==== DATASET EXCERPT

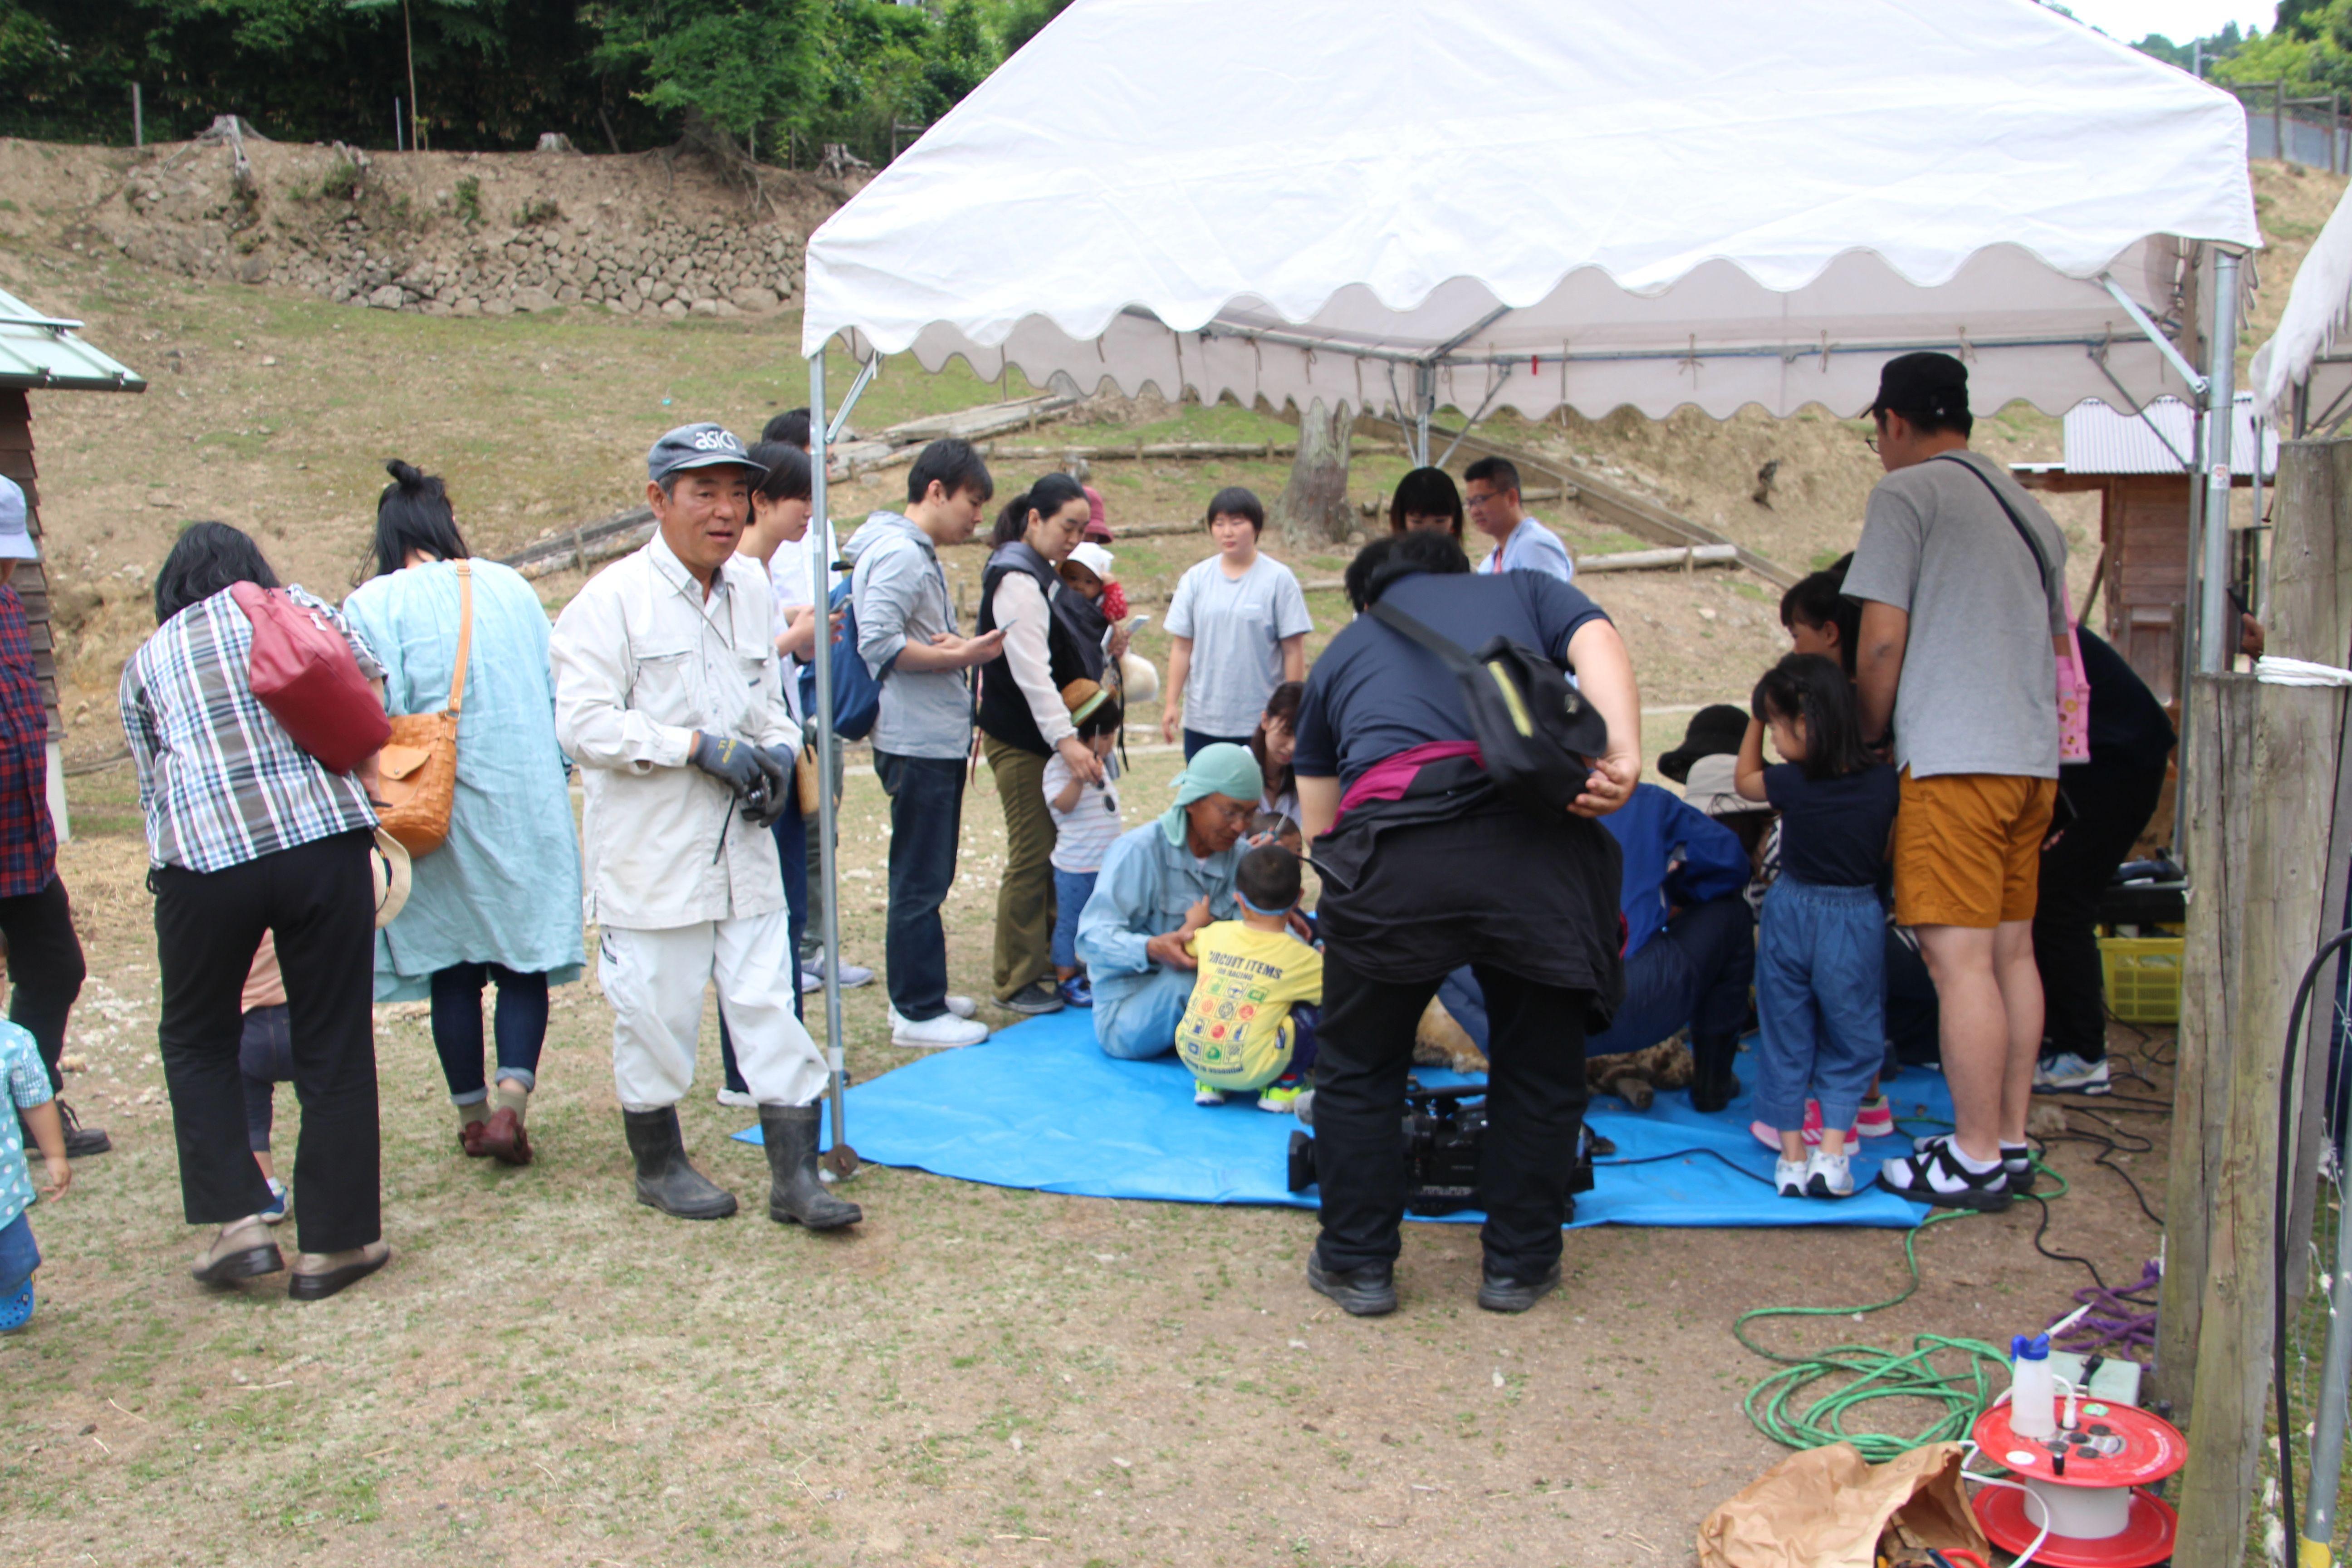 令和元年度羊たちの毛刈り体験会が開催されました。
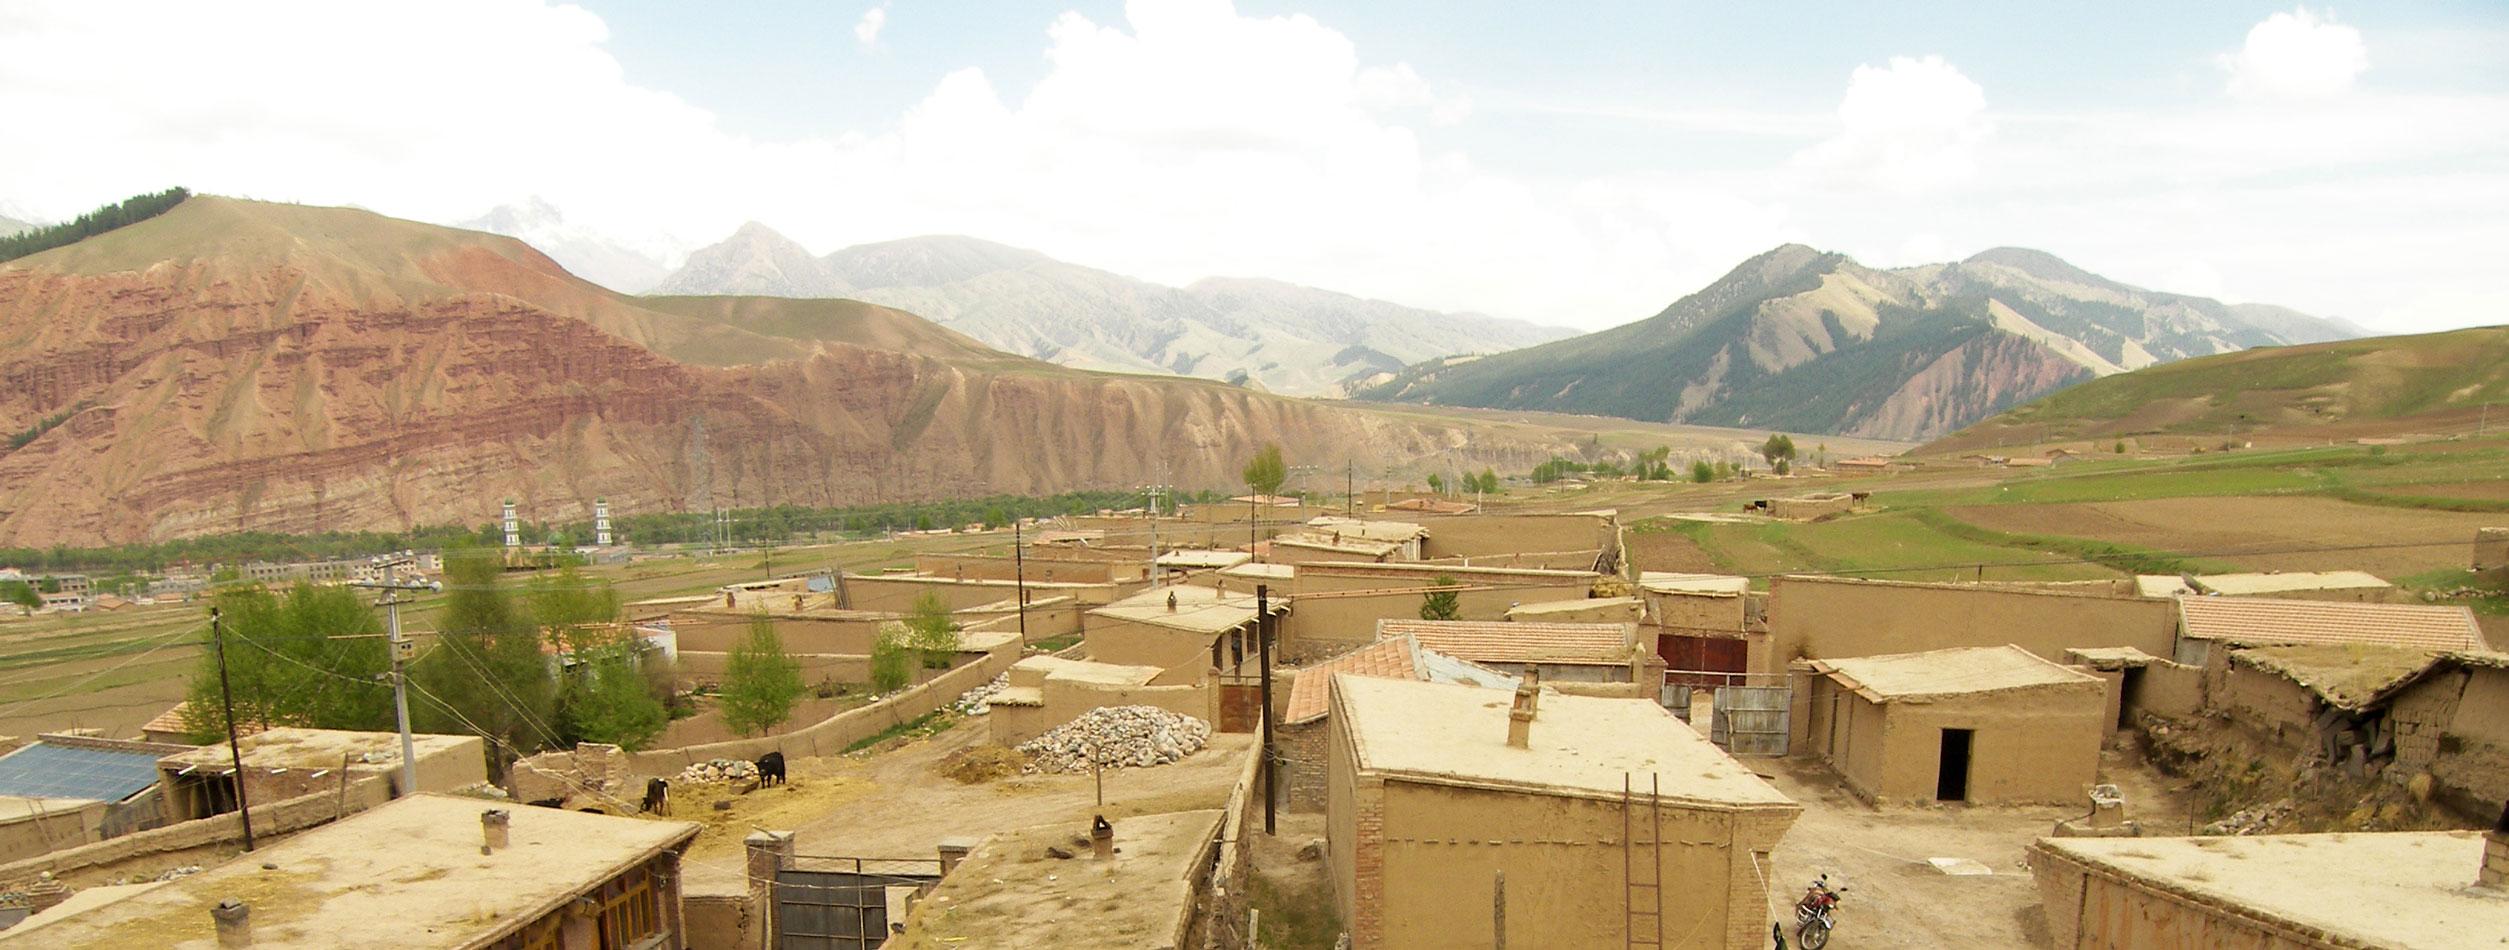 Qilian_Qinghai_2_sm
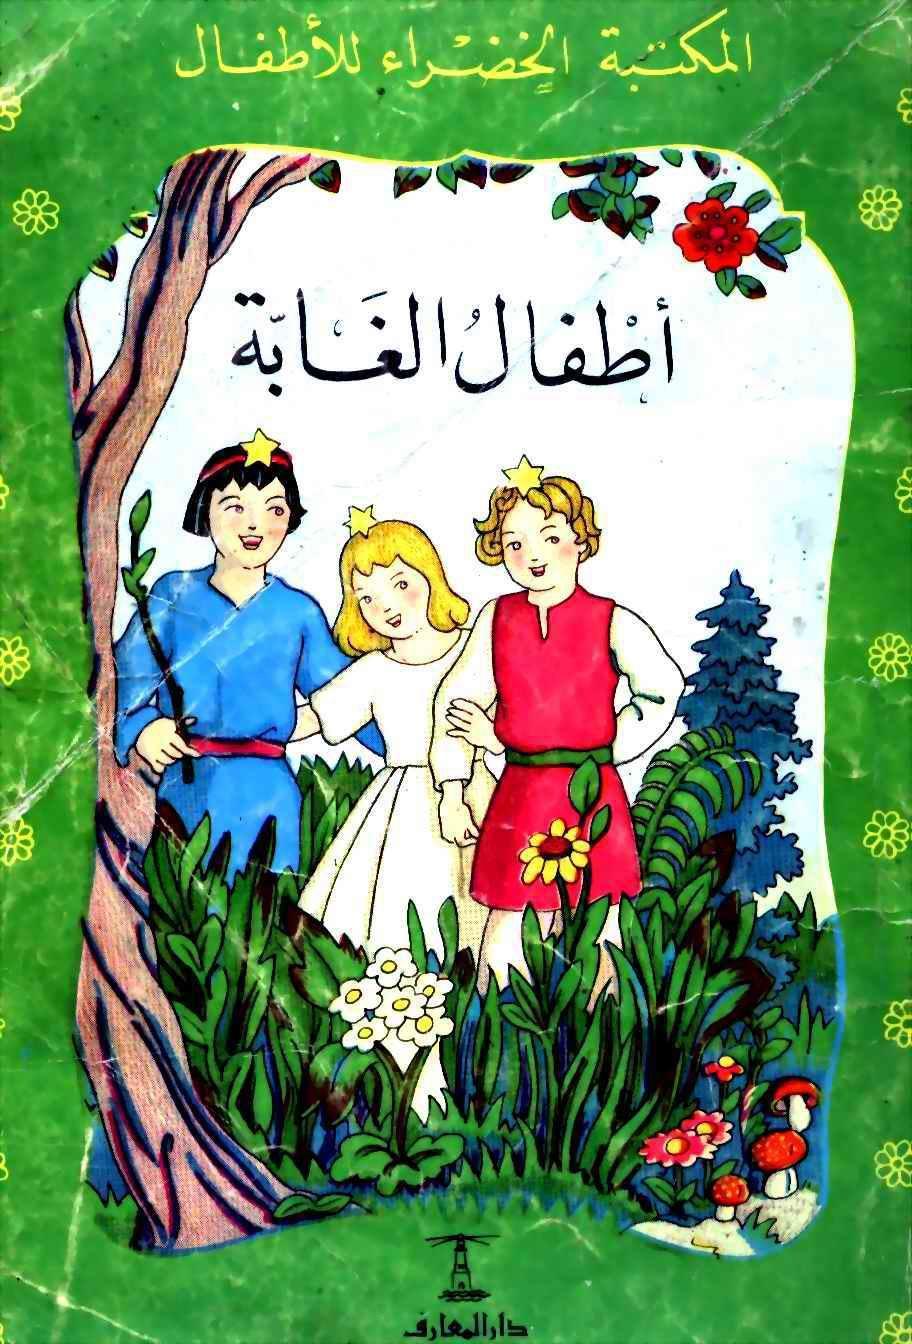 كتاب عرب 100 pdf

========

**EXERCISE PROMPT:**
The pictures are not wanted, but every line of the listing should be duplicated exactly.

**RESPONSE BOX:**
 令和元年度羊たちの毛刈り体験会が開催されました。
 Qilian_Qinghai_2_sm
 كتاب عرب 100 pdf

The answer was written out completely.